Re: Homo erectus: racial variants of Homo sapiens?

Philip Deitiker (
Sun, 12 Jan 1997 18:28:45 GMT

A Pagano <> wrote:

>The following is posted on behalf of David Buckna <>:

>>From Maclean's magazine (Canada's weekly newsmagazine):
>That would place him [Java Man] in the era of modern humans---and argue
>against an ancestral relationship."If these dates are right," said
>Rightmire, an anthropologist at the State University of New York at
>Binghamton, "the multiregionalists will have to do some fast

I.E. their theory is in deep trouble.

>..The new findings also challenge the rival Out of Africa
>theory. That view holds that modern humans emerged in Africa as recently
>150,000 years ago and spread around the globe, driving Homo erectus into
>extinction---well before the era pointed to by the new
>science section,"The origins of man", Dec. 23, p. 69)

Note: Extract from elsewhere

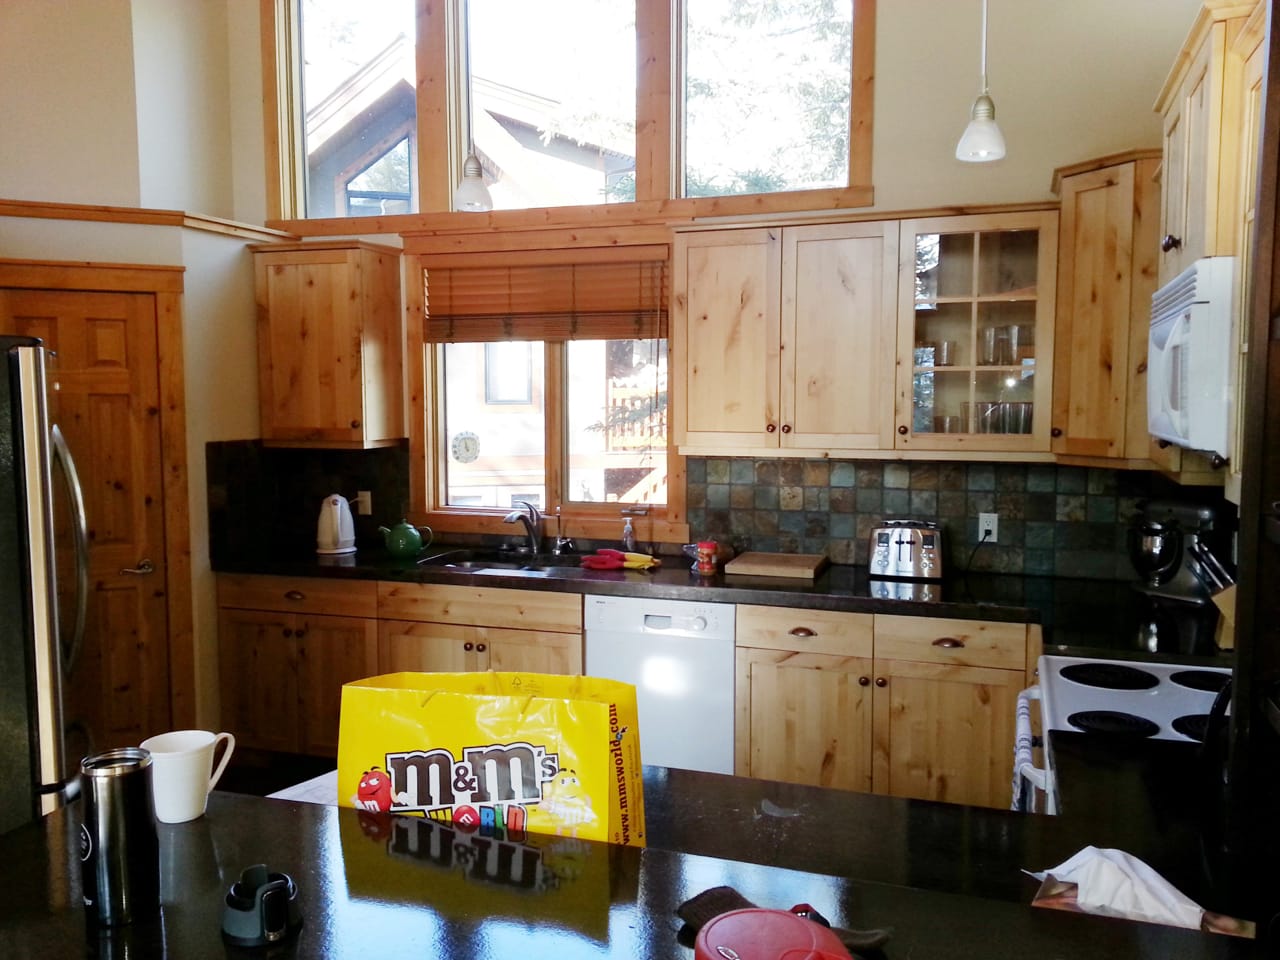 Lacking countertop space and storage, this home in Canmore required updating.
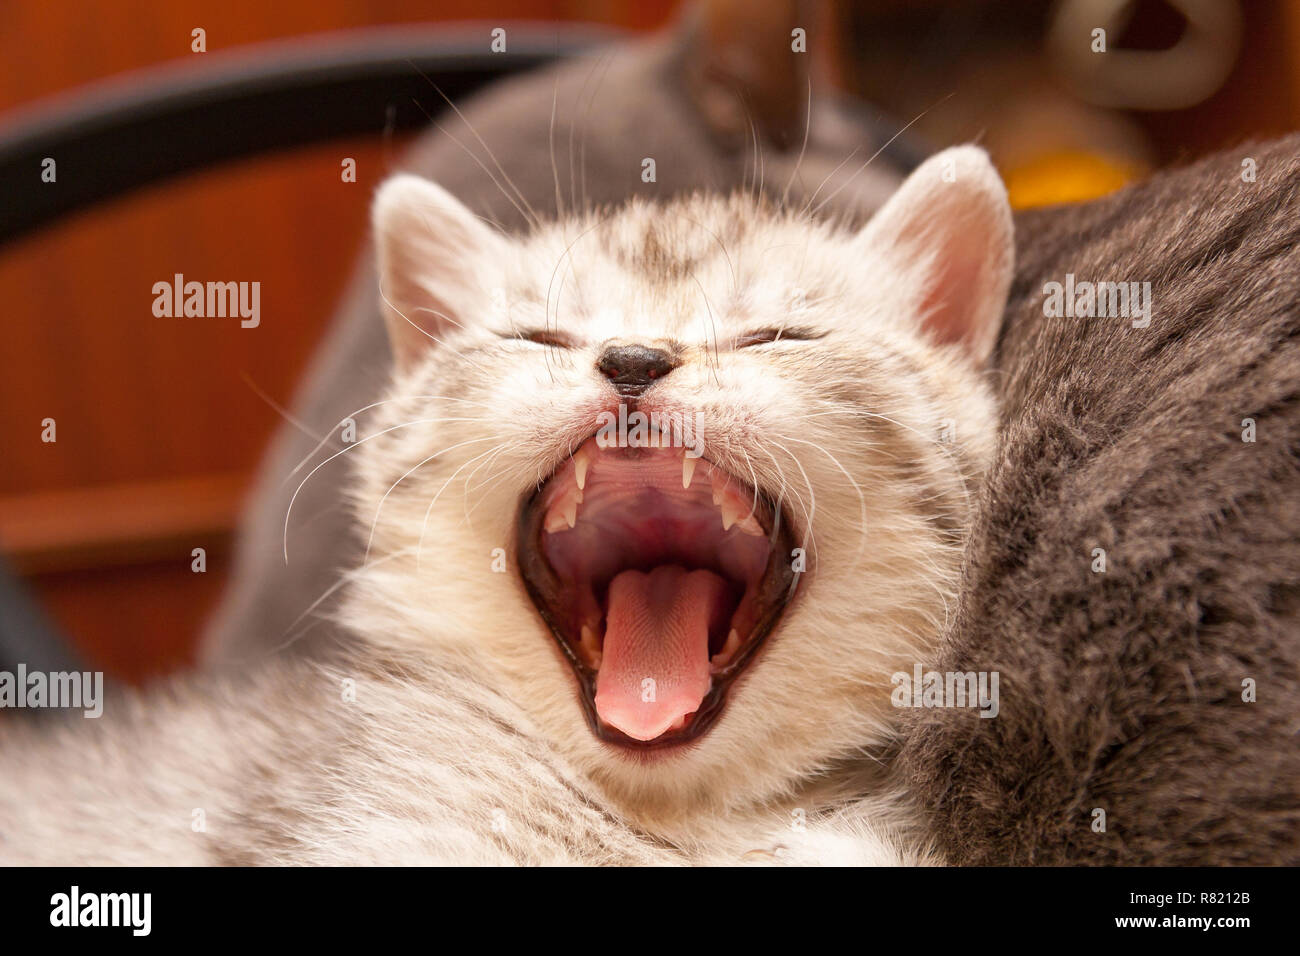 British kitten yawns wide open his mouth. Cat's mouth, tongue and teeth. Stock Photo

How, what's the evidence. The only contridiction is the believe that
the asian HE might have migrated to africa 400 to 200 KYBP to form
sapiens. This new data adds to a number of additional possibilities.
1. Asian HE migrated to africa to form HS
2. Asian HE and african HE were 2 different species (subspecies)
3. Asian HE migrated to africa and also continued to evolve in asia
Only number three is added because of the data.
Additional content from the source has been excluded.